Thank you @Tugi_Baasansuren @Darren

Fantastic, we followed that approach and got the success message after inserting a single row inside the vector as a test - now the next question is, how do you list documents inserted that way with success?

When we go to the vector itself we can see the document fine, but when we refresh the app and try to query the document for that vector, this is the error message we get:

  • message:"Missing values for parameters in: source"

Sorry - i am not getting it. What do you mean by this?

Are you using Import Workflow, which inserts the PDF into the app?
And you want to get Success/Failure notification on how the workflow went on the app?

Hi @Tugi_Baasansuren thank you for your help, much appreciated!

  1. Our understanding is that we need to first use Retool AI to convert our PDF to text so we first convert our document to text and load the text inside a table using retool postgres database.

  2. Now heading to the workflow, we load the text we've uploaded inside the table and we run the query to insert that text inside the vector and we get a confirmation message that the insert worked fine.

  1. We look at our vector and we can see that the document has been uploaded with success.

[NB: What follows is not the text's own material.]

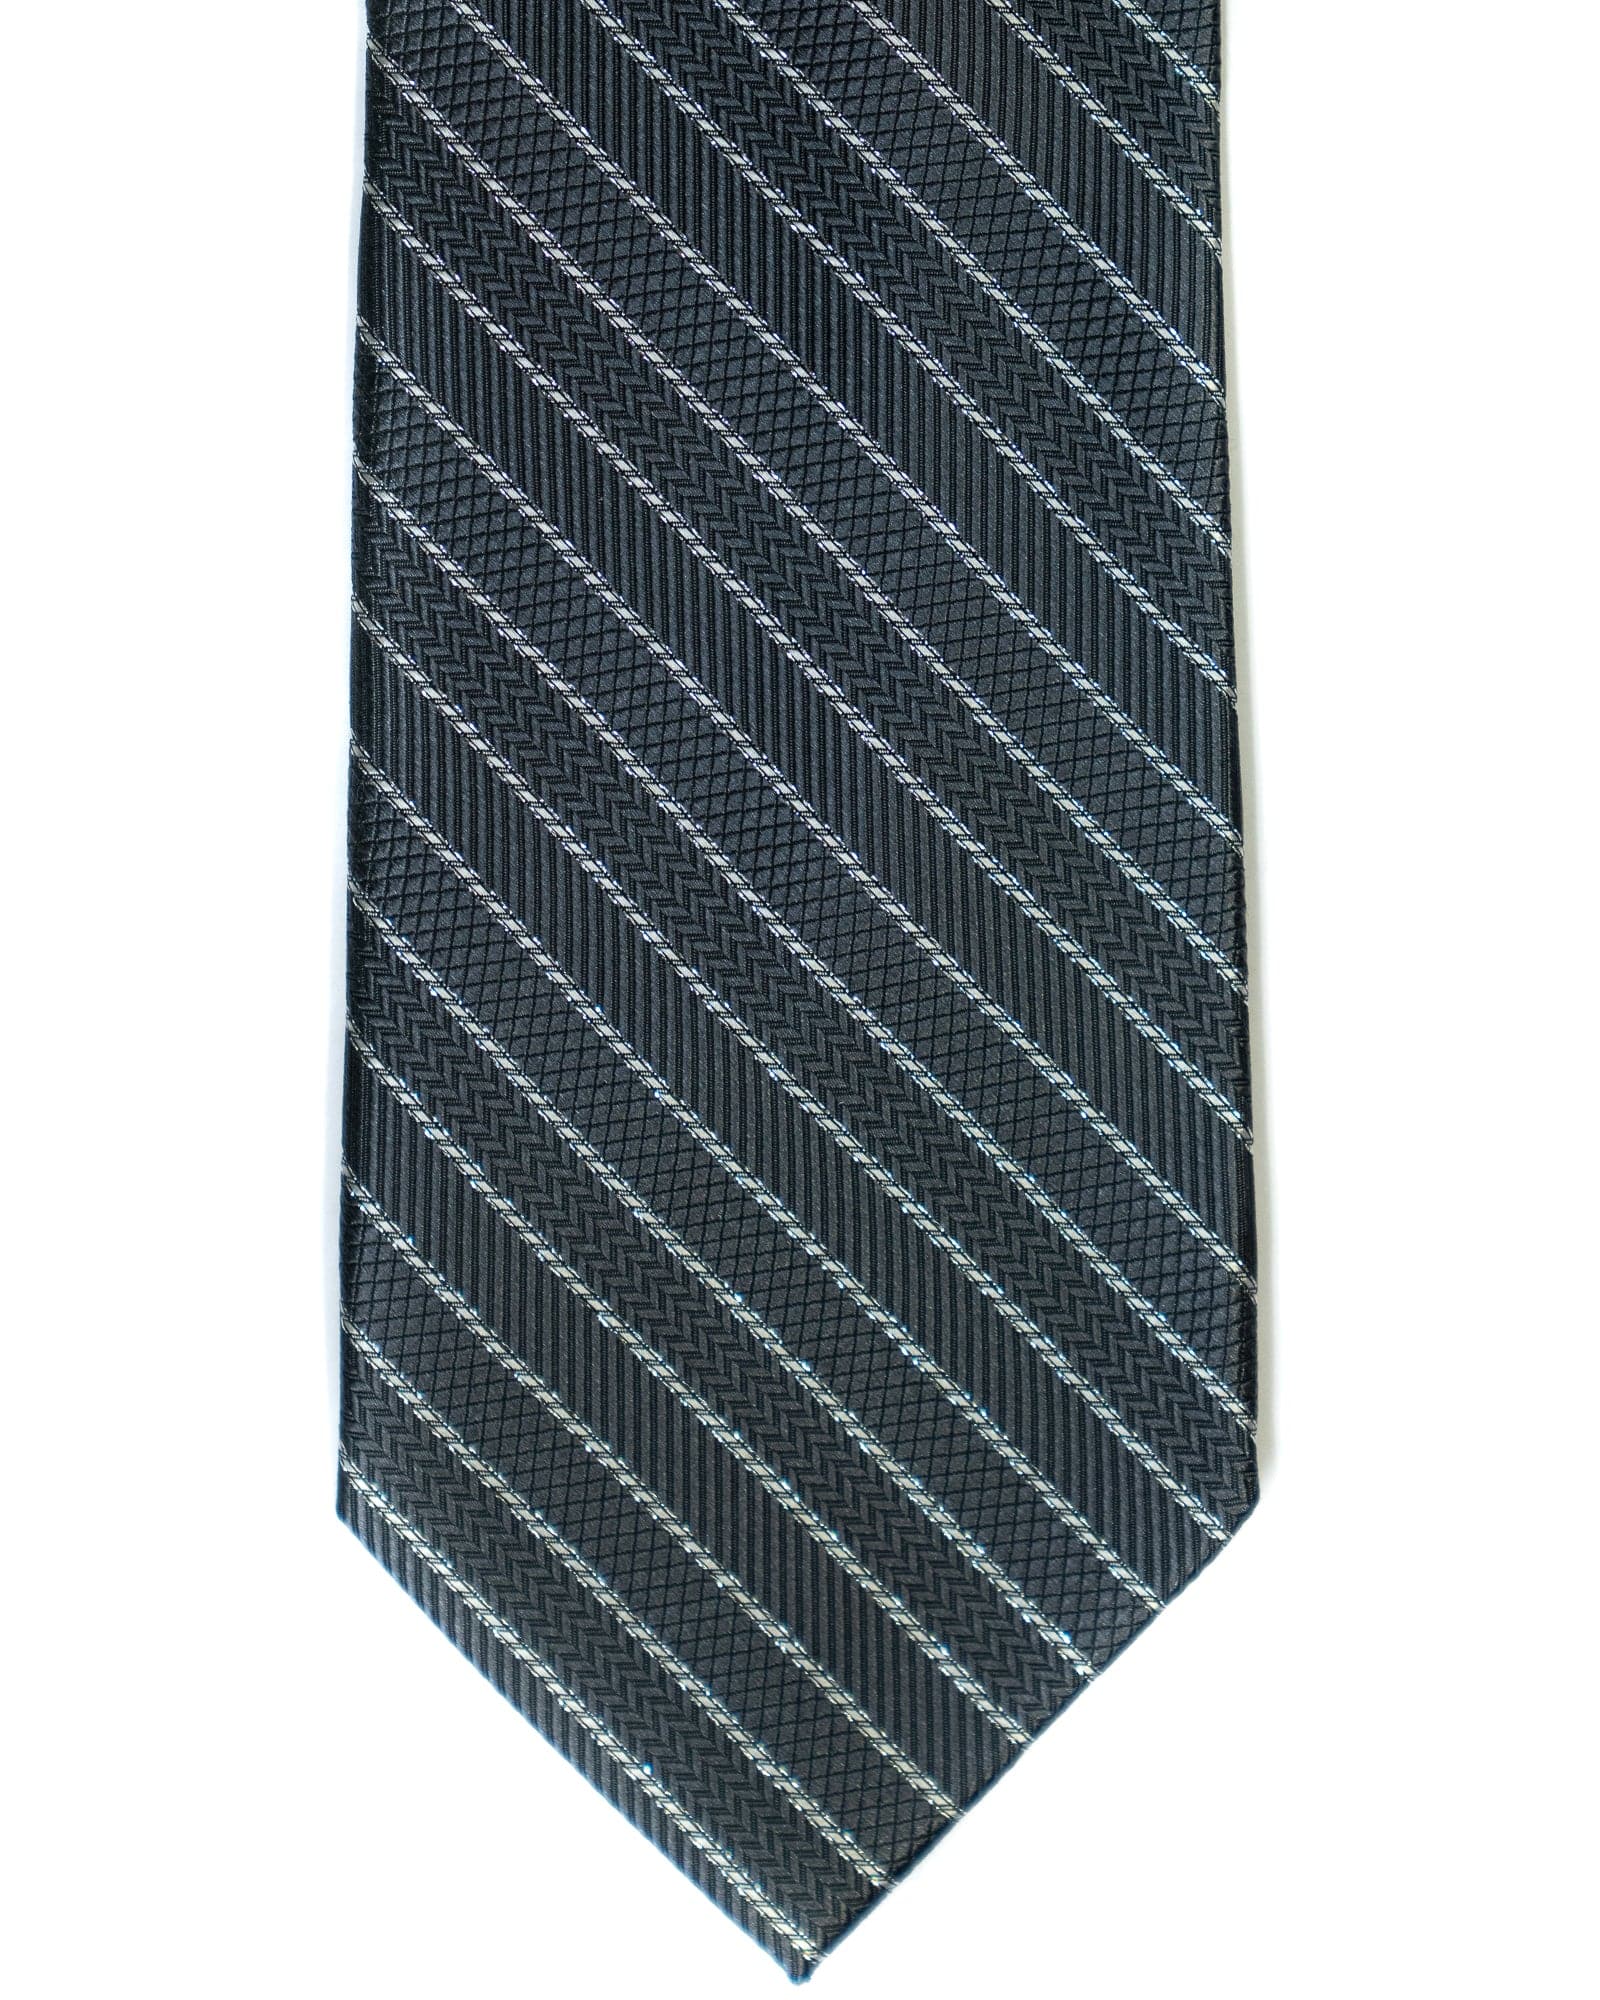 Silk Tie In Grey With Silver Stripes - Rainwater's Men's Clothing and Tuxedo Rental

  1. We go back to our main app and this time we use the "List Document" feature to give an interface to external users that would want to see which files have been uploaded / or let the user delete them if needed. This is where we're getting an error message (the odd thing is that the error message has changed since this morning, it now says "Missing values for parameters in: vectorActionDynamicNamespace")

Thank you!

Interesting - thanks for the detailed writeup, @Jeje. :thinking:

It looks like you've done everything correctly and I would expect the List documents action to work as expected. Everything behaves normally in my own testing. When you view the uploaded document via the UI, do you see that its content has been chunked correctly?

No problem @Darren

I think so yes, I'll just put the content of that vector (when looking at the content manually) below and redact the text part as I've used an internal doc. Do you see something wrong in the document structure?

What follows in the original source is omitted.